What is the difference between TPM, FPKM, and RPKM in RNA-seq gene expression normalization?

Question

I keep seeing TPM, FPKM, and RPKM used in RNA-seq papers and tools. What is the mathematical difference between them? Which should I use for between-sample comparisons, and which do tools like DESeq2 and edgeR actually want?

Admin · Accepted Answer

These are all length- and depth-normalized expression units, but they differ critically in normalization order:

**RPKM** (Reads Per Kilobase per Million mapped reads)
- Normalize for sequencing depth first, then gene length
- Formula: `RPKM = (read_count × 10^9) / (total_reads × gene_length_bp)`
- Problem: sum of RPKM values differs between samples → NOT comparable across samples

**FPKM** = RPKM for paired-end reads. Same formula, same problem.
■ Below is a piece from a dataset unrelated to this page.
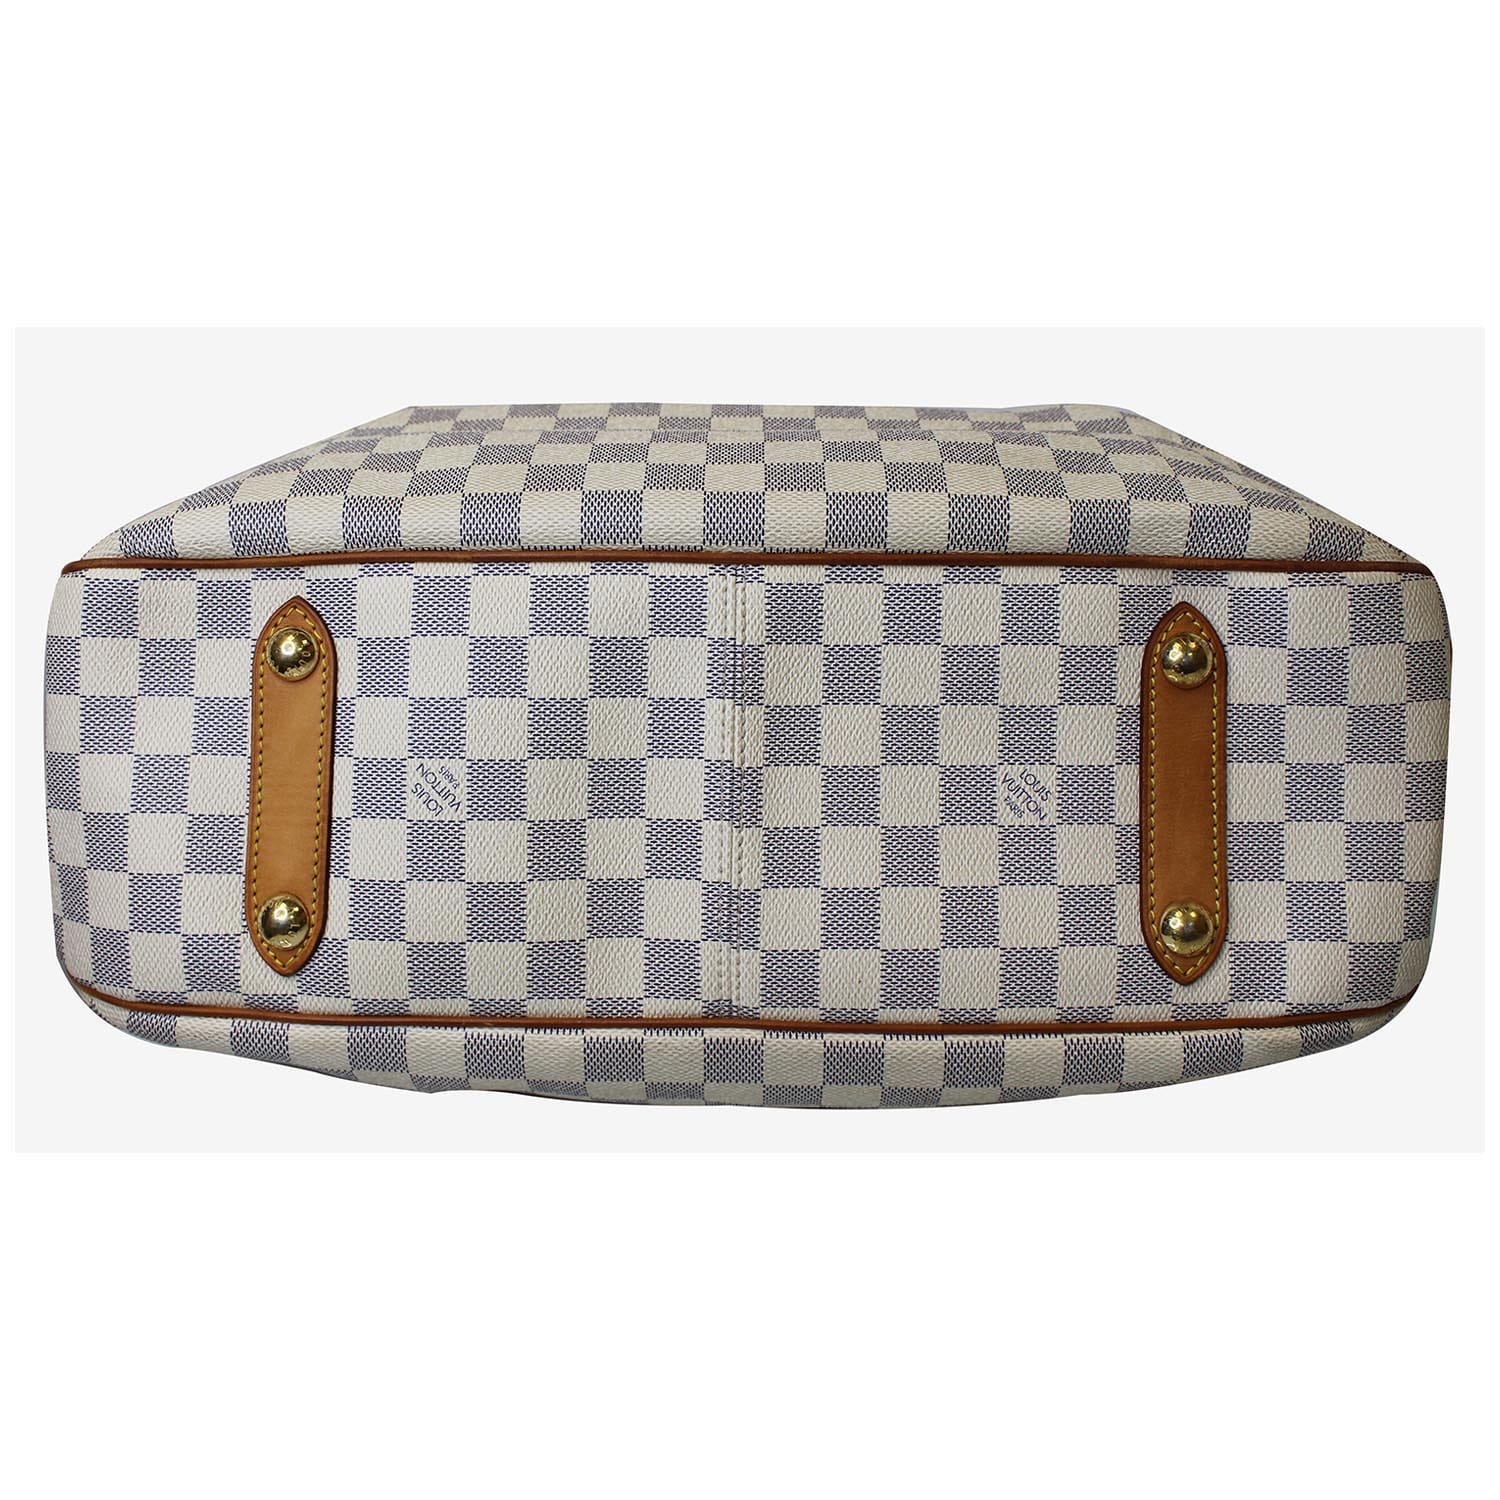 Louis Vuitton Damier Azur Siracusa GM Tote, Louis Vuitton Handbags
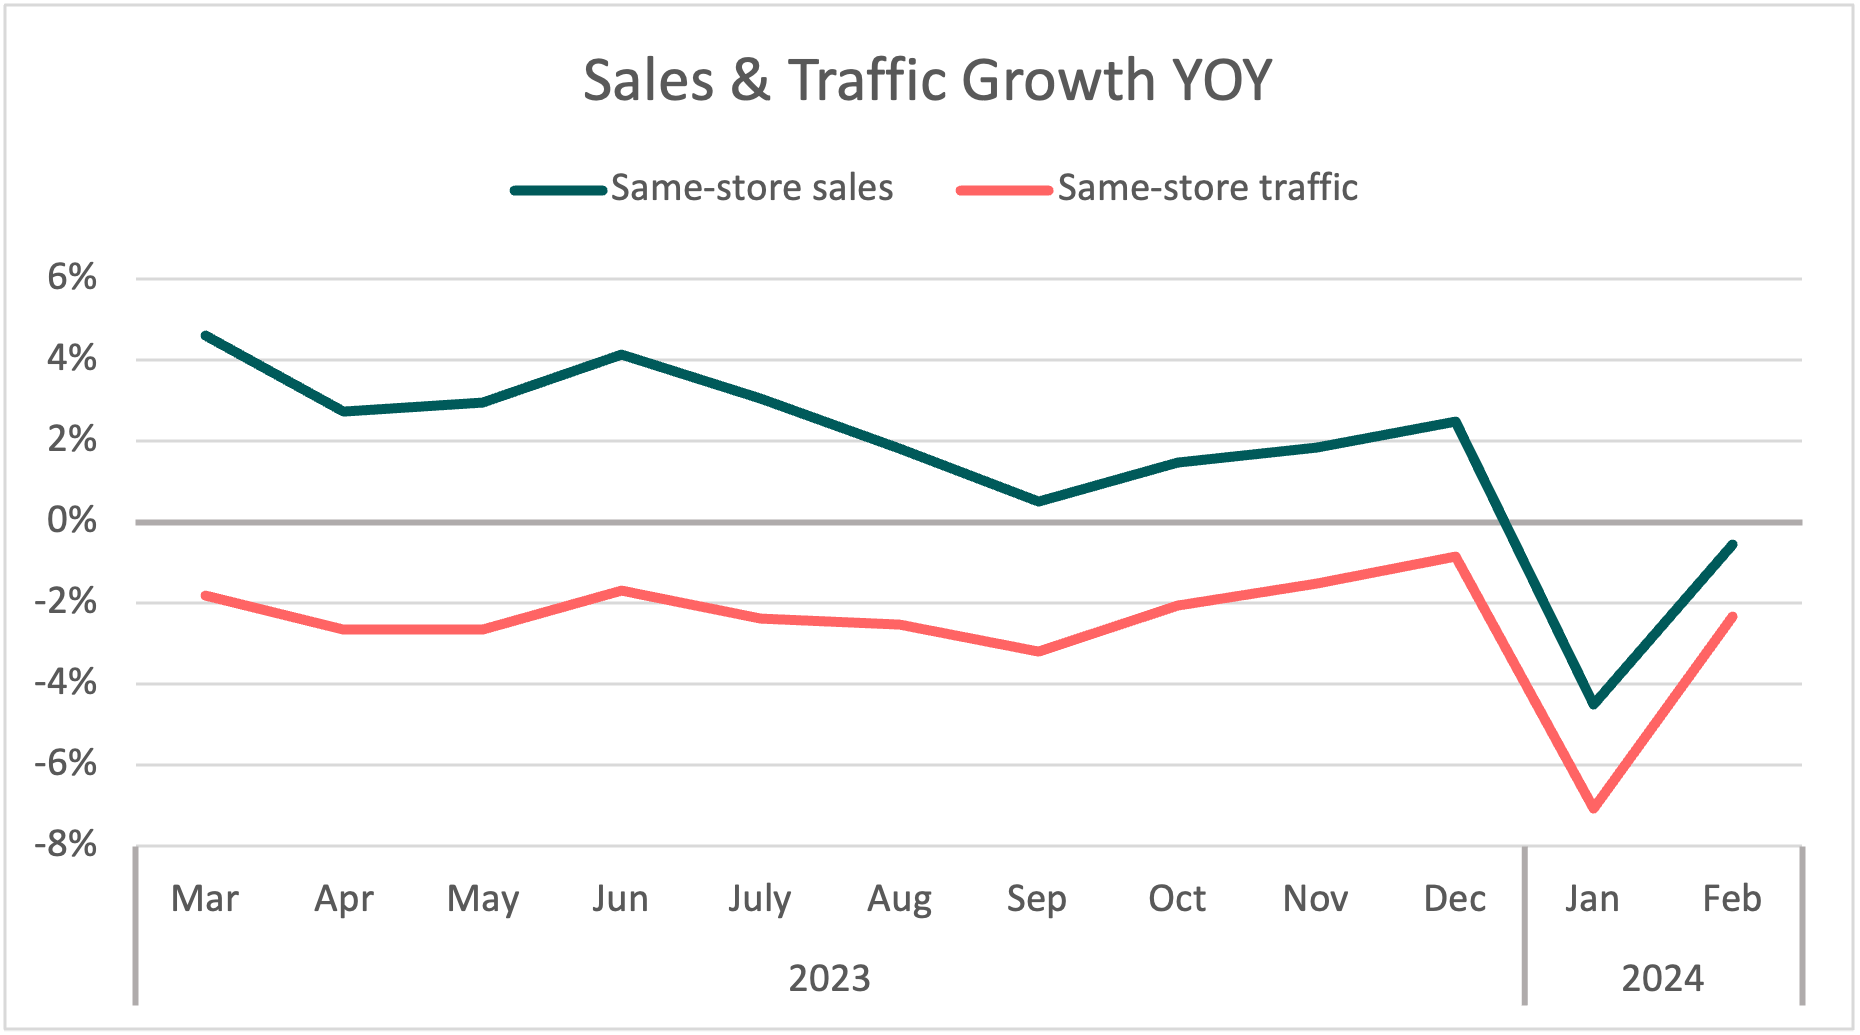 Sales & Traffic Growth YOY 2023-2024

**TPM** (Transcripts Per Million)
- Normalize for gene length FIRST, then sequencing depth
- Formula: `TPM = (read_count / gene_length_kb) / sum_of_all_RPK × 10^6`
- TPM values in each sample always sum to 1 million → comparable across samples

```python
import pandas as pd
import numpy as np

def counts_to_tpm(counts_df, gene_lengths):
    """counts_df: genes × samples, gene_lengths: Series indexed by gene"""
    rpk = counts_df.div(gene_lengths / 1000, axis=0)  # per kilobase
    scale = rpk.sum(axis=0) / 1e6                     # per million scaling
    return rpk.div(scale, axis=1)

tpm = counts_to_tpm(raw_counts, gene_length_series)
```

**Which to use:**
- **DESeq2 / edgeR**: raw integer counts only — they do their own normalization internally
- **Between-sample comparison**: TPM (not FPKM/RPKM)
- **Publication figures**: TPM
- **Cross-study comparison**: none of the above; use ComBat-seq or similar

**Rule of thumb**: If you pre-normalize before DESeq2 or edgeR, your DE results will be wrong.